The name Bartholomew means literally "son of Tomail or Talmai." Some believe him to be the same person as Nathanael (John 1:45-49), whom Andrew brought to Jesus, though this can't be conclusively established. He is said to have preached with Philip until Philip's martyrdom, then went east of modern-day Turkey to the region around the Caspian Sea, in the section then called Armenia, now divided between Iran and Azerbaijan. He is said to have been martyred in 68 AD at Albanus (modern Derbend), being skinned alive and then beheaded at the command of the Armenian king Astyages. He may also have preached in India, but the term "India" may have been used loosely to cover Armenia and Persia, so we don't know.

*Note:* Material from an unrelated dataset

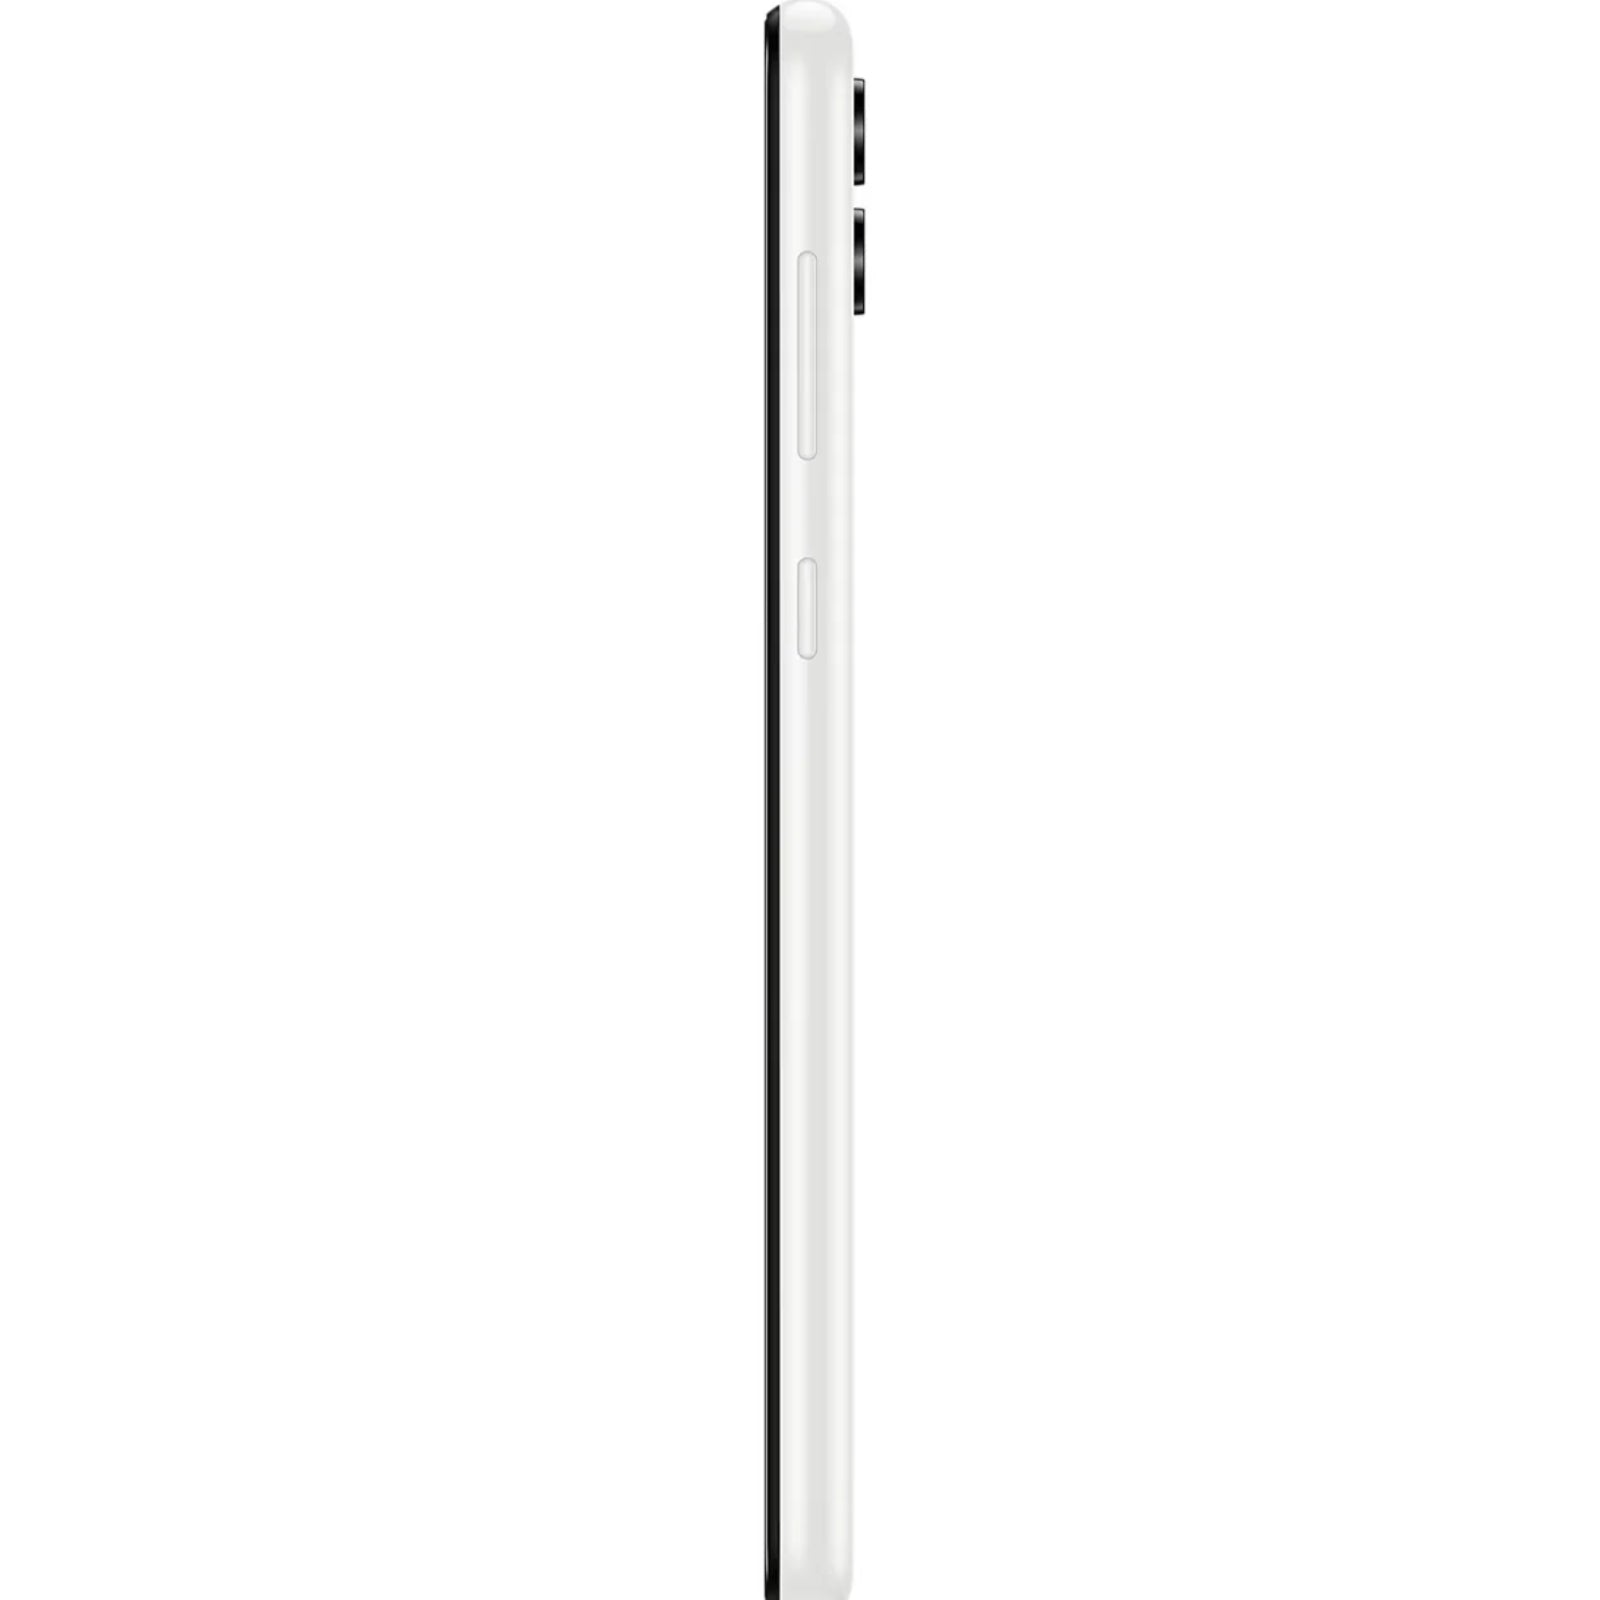 Samsung Galaxy A04 Dual nano sim A045FD (3GB ram) - MyMobile

Thomas is one of my favorites, and one whose later history seems to have a more substantiated factual basis. The Gospel of John depicts Thomas (called Didymus, Greek for "twin") as a pessimist and fatalist (John 11:14-16; 14:4-6)), though certainly courageous. He didn't even show up at the Apostles' gathering on Sunday night after the resurrection, and resisted his colleagues' claims of having seen Jesus (John 20:24-25). He is known forever as "doubting Thomas," but when Jesus appeared to him, Thomas uttered the first confession of Jesus' divinity in the New Testament: "My Lord and my God" (20:26-28).

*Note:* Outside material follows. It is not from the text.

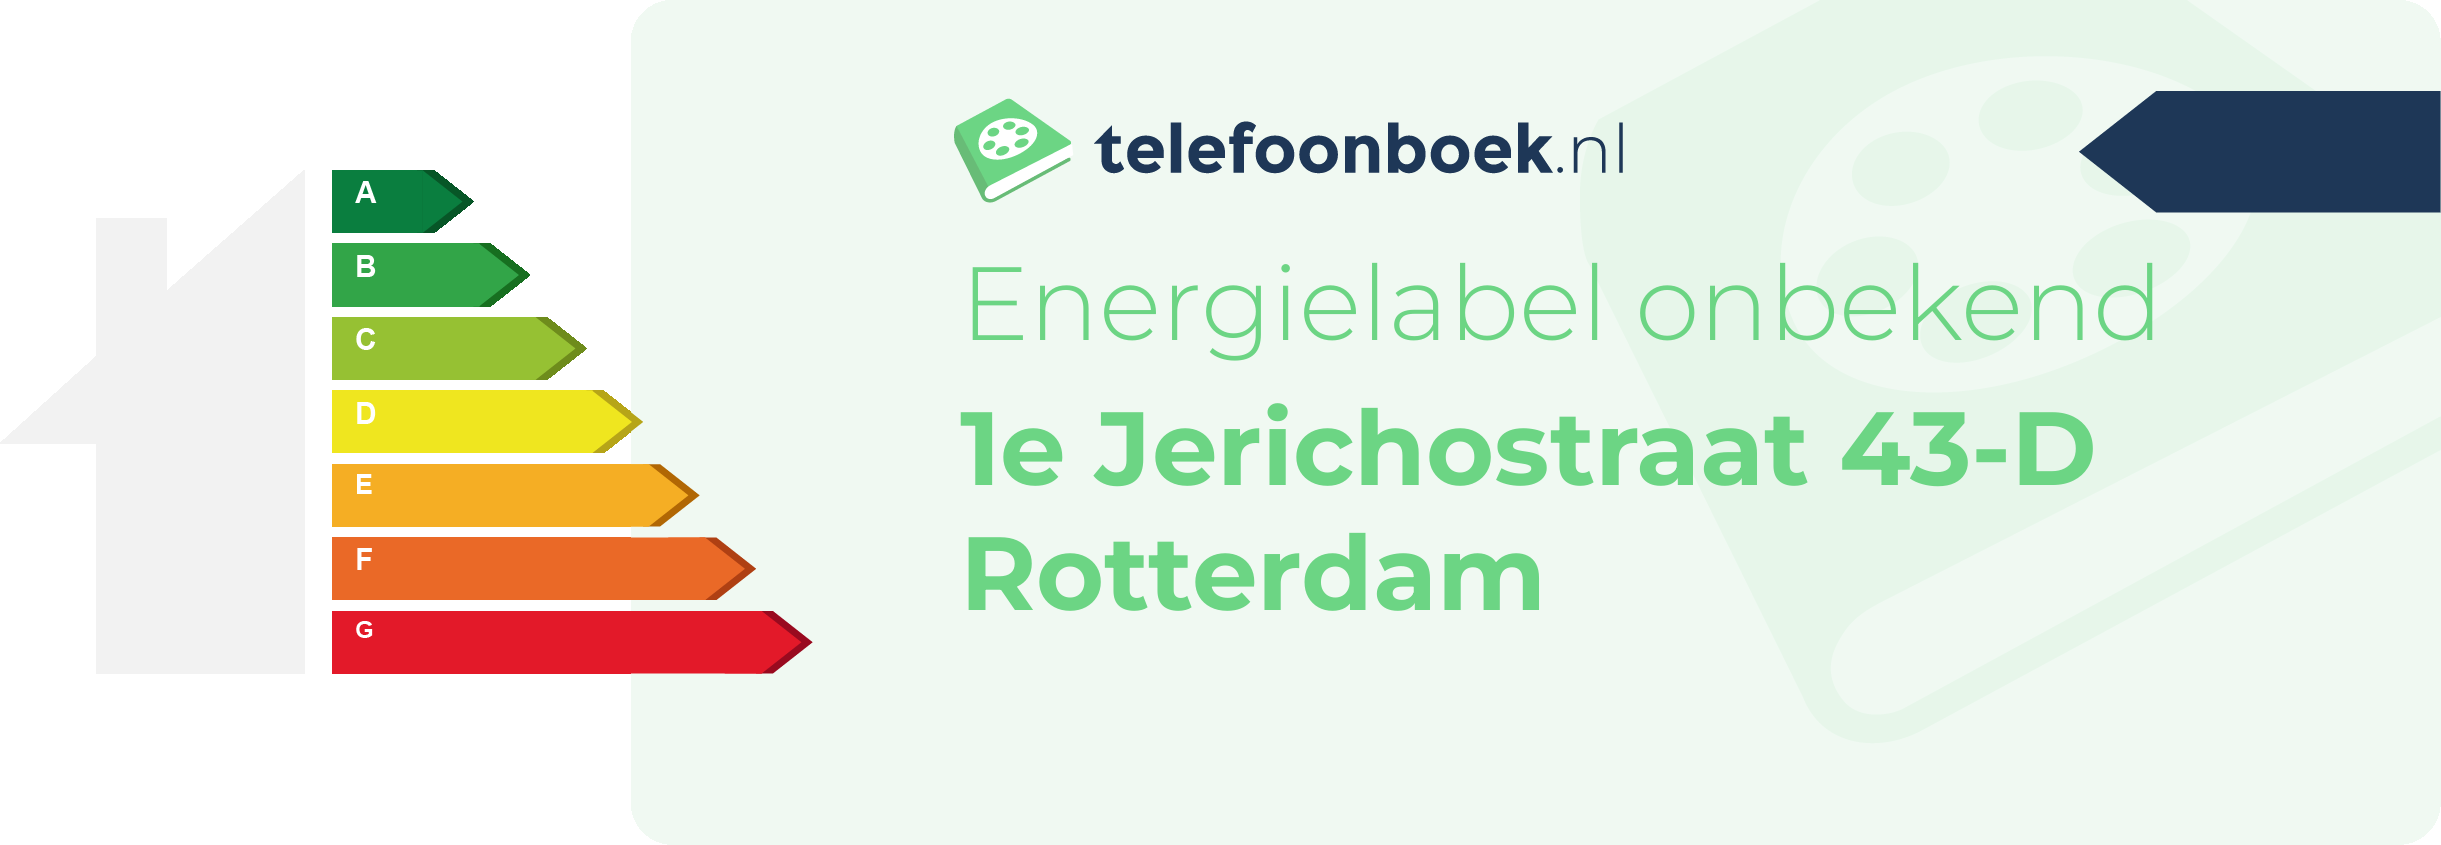 Energielabel 1e Jerichostraat 43-D Rotterdam

Thomas apparently traveled to Babylon, modern-day Iraq, and evangelized there. Later he preached in Persia, and apparently took a boat to the west coast of the Indian subcontinent where he began to preach in the area around Malabar and to found churches there. Today there are four major Christian groups -- Syro-Malabar, Syro-Malankara, Syrian Jacobite, and Mar Thomite -- living in the state of Kerala along the Malabar Coast of southwestern India, each of which use a form of Syrian in their liturgical language. When the Portuguese arrived in 1599, they sought to transfer allegiance of these groups to Rome. In the apocryphal Acts of Thomas, originally composed in Syriac, his martyrdom is cited under the king of Mylapore at Madras, where are to be found St. Thomas Mount and San Thomé Cathedral, his traditional burial place. He is said to have been killed by Brahmins in Mylapore while in prayer, by stones and darts, and run through by a lance.

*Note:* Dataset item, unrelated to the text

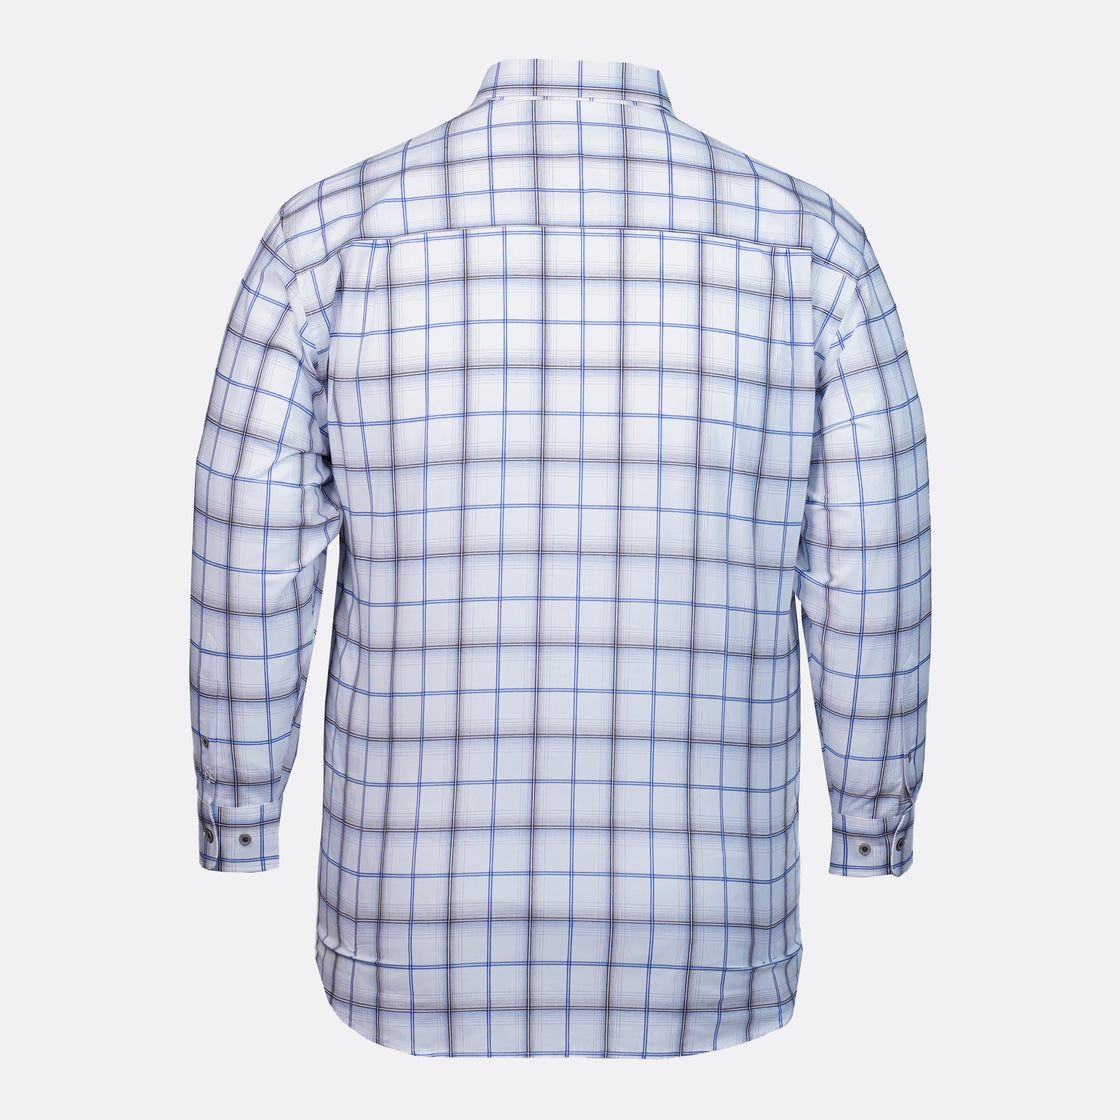 Cutter & Buck Windowpane Checkered Shirt

Matthew was a son of Alphaeus (Mark 2:14), but we have no other evidence linking him with the Apostle James, the son of Alphaeus (Mark 3:18). He was a tax collector who lived in Capernaum. He may have changed a given name Levi (Mark 2:14; Luke 5:27, 29) to Matthew (meaning "gift of God") after his conversion, though that is only speculation. He is credited with writing the Gospel of Matthew. Traditions about him seem contradictory, but he probably preached first in Judea, and later to the Parthians in Asiatic Ethiopia, an area south of the Caspian Sea in Persia.
James, Son of Alphaeus
Sometimes called James the Less, he may have been the brother or father of the writer of the Letter of Jude. We know little of him, though it is claimed that he was the first bishop of the Syrian church, and that he may have been martyred in Persia. 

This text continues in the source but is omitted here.